Tuesday October 1, 2024

Introduction

Presentation version of these notes.

Note

This chapter is designed to reinforce the material to be introduced in Week 2 of EG-143 Digital Systems and so it will not be delivered as part of a formal lecture in EG-151 Microcontrollers.

Instead, we have provided some self-study materials in the Canvas Pages Introduction to Data Representation and Two’s complement, BCD, Binary Fractions and A.S.C.I.I as well as in Appendix A: Other Data Representations.

Important

This material is examinable in EG-151 but there will not be a formal lecture.
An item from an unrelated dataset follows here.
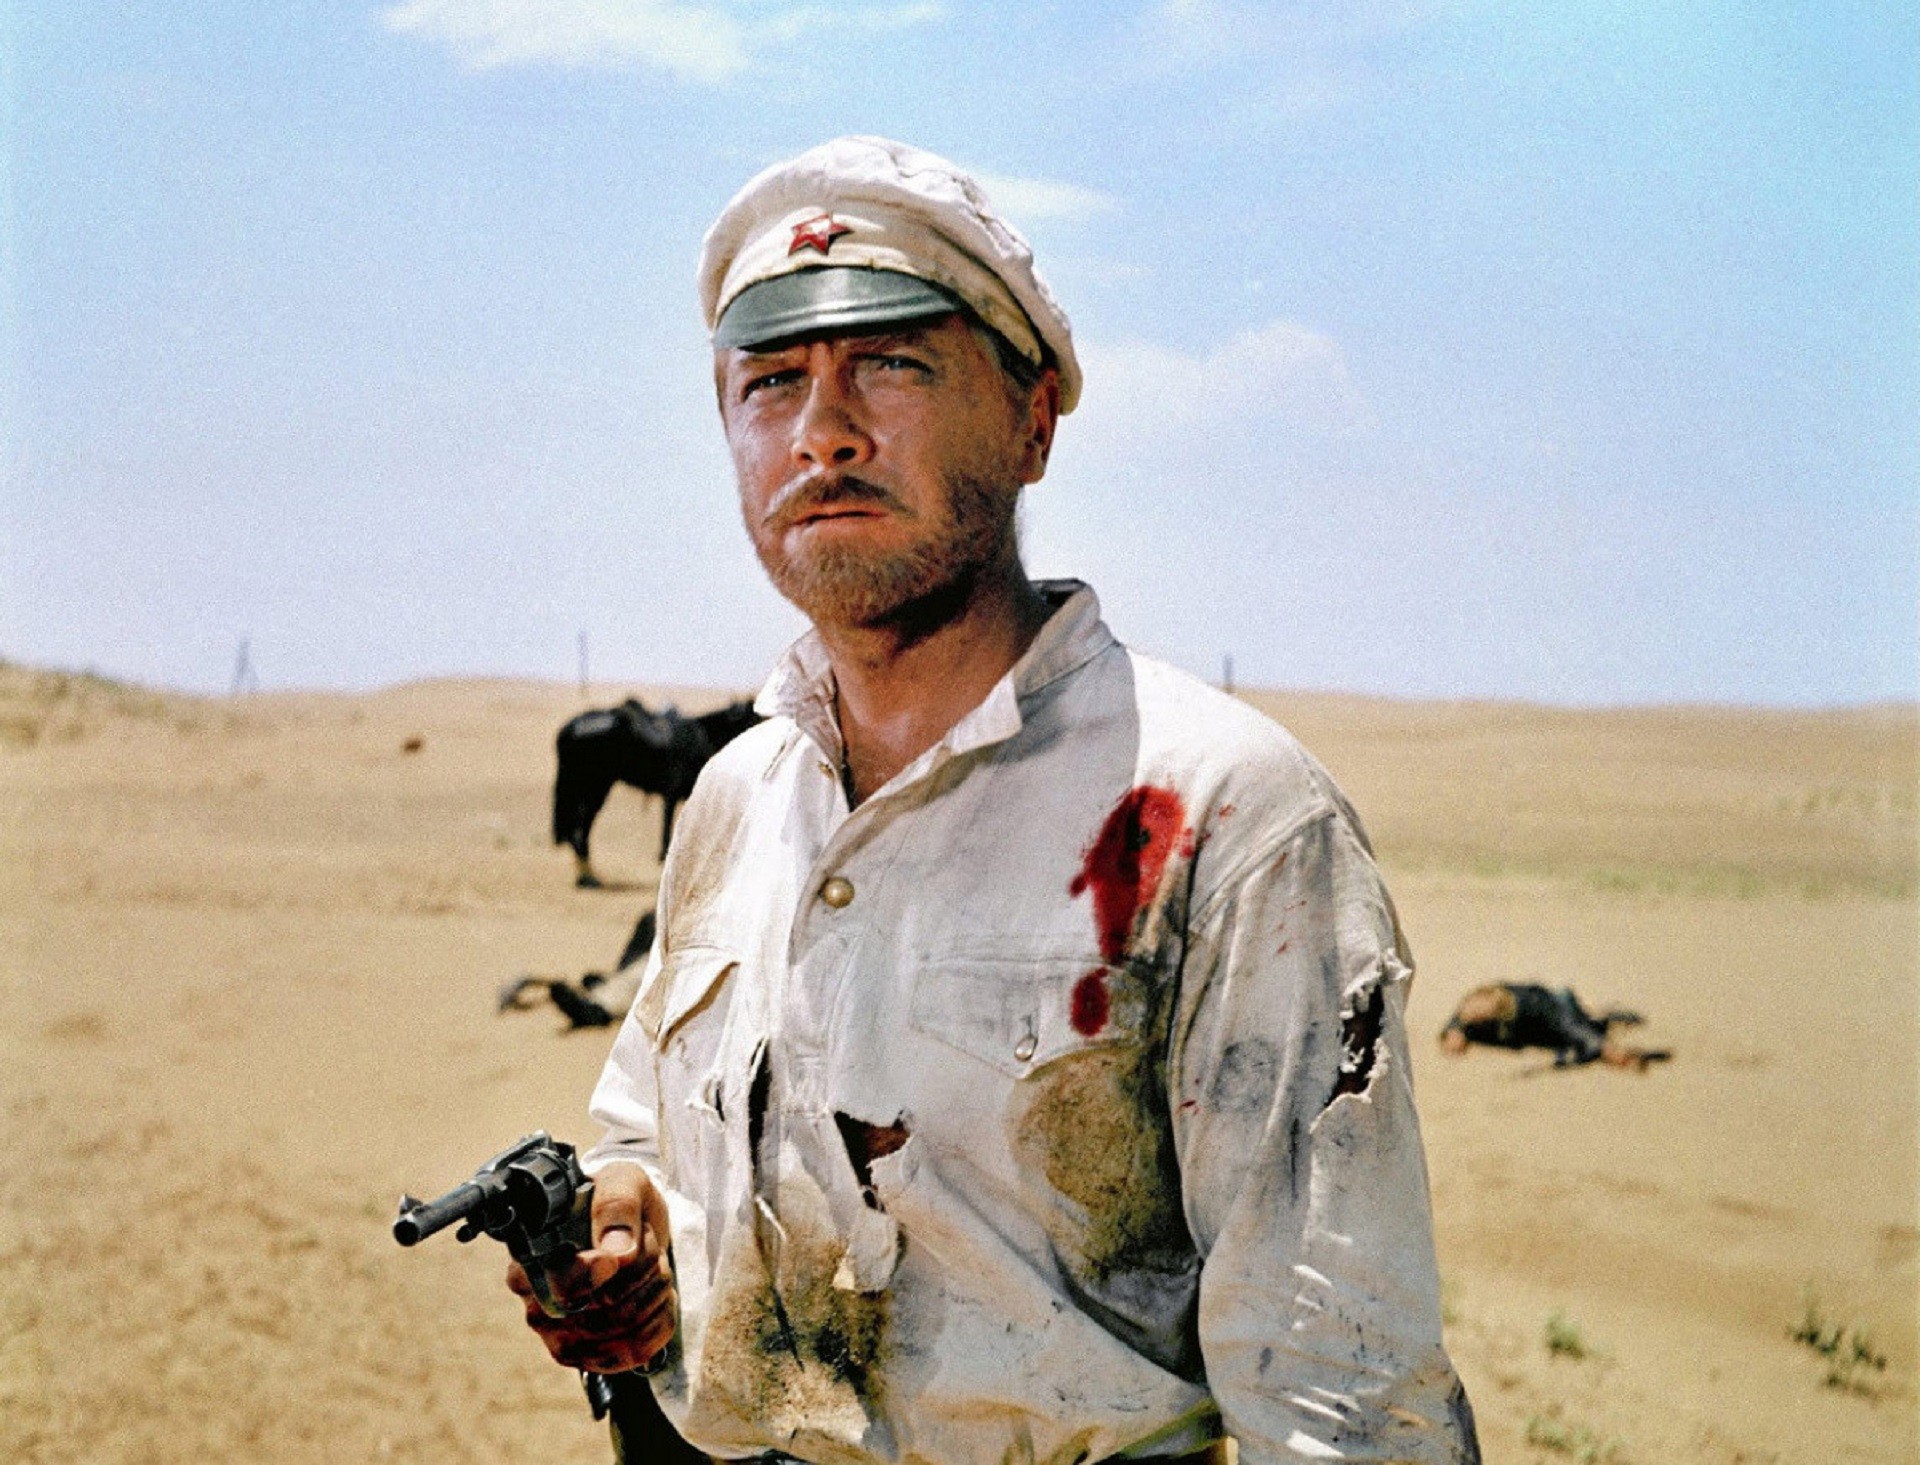 Cena do filme “O Sol Branco do Deserto”, 1969.

You should therefore read these notes for revision for the class test, try the execises and complete the quiz Quiz Week 1(b) - Data Representation.

Topics Covered in this Lecture

• Section 1 Data Representations
• Section 2 Numbering Systems and Base Conversion
• Section 3 Binary Addition and Subtraction
• Section 4 Introduction to the Status Register

Data Representations

How is Data stored Digitally?

Modern digital processors and microcontrollers contain millions of solid state devices known as transistors (Figure 1).

Figure 1: A single transistor

With one transistor we can control the flow of electrons creating an object with two states – on or off. This is known as a binary system.

We can use the output (or input if wired to ground) of this transistor to connect to other transistors forming: logic gates and eventually a bit of memory.

By arranging six of these transistors appropriately we can create a memory device that can store one bit of data (Figure 2).

Figure 2: One bit of SRAM memory¹

Terminology

1 bit = 1 data unit

1 nybble = 4 data units (4 bits)

1 byte = 8 data units (8 bits, 2 nybbles)

1 word = 16 data units (16 bits, 2 bytes, 4 nybbles)

Numbering Systems and Base Conversion

Decimal Number Representation

Take the decimal number (Base 10) 4623, what does this representation mean?

\[4623\]

\[4000 + 600 + 20 + 3\]

\[(4\times 1000) + (6\times 100) + (2\times 10) + (3\times 1)\]

\[\left(4\times 10^3\right) + \left(6\times 10^2\right) + \left(2\times 10^1\right) + \left(3\times 10^0\right)\]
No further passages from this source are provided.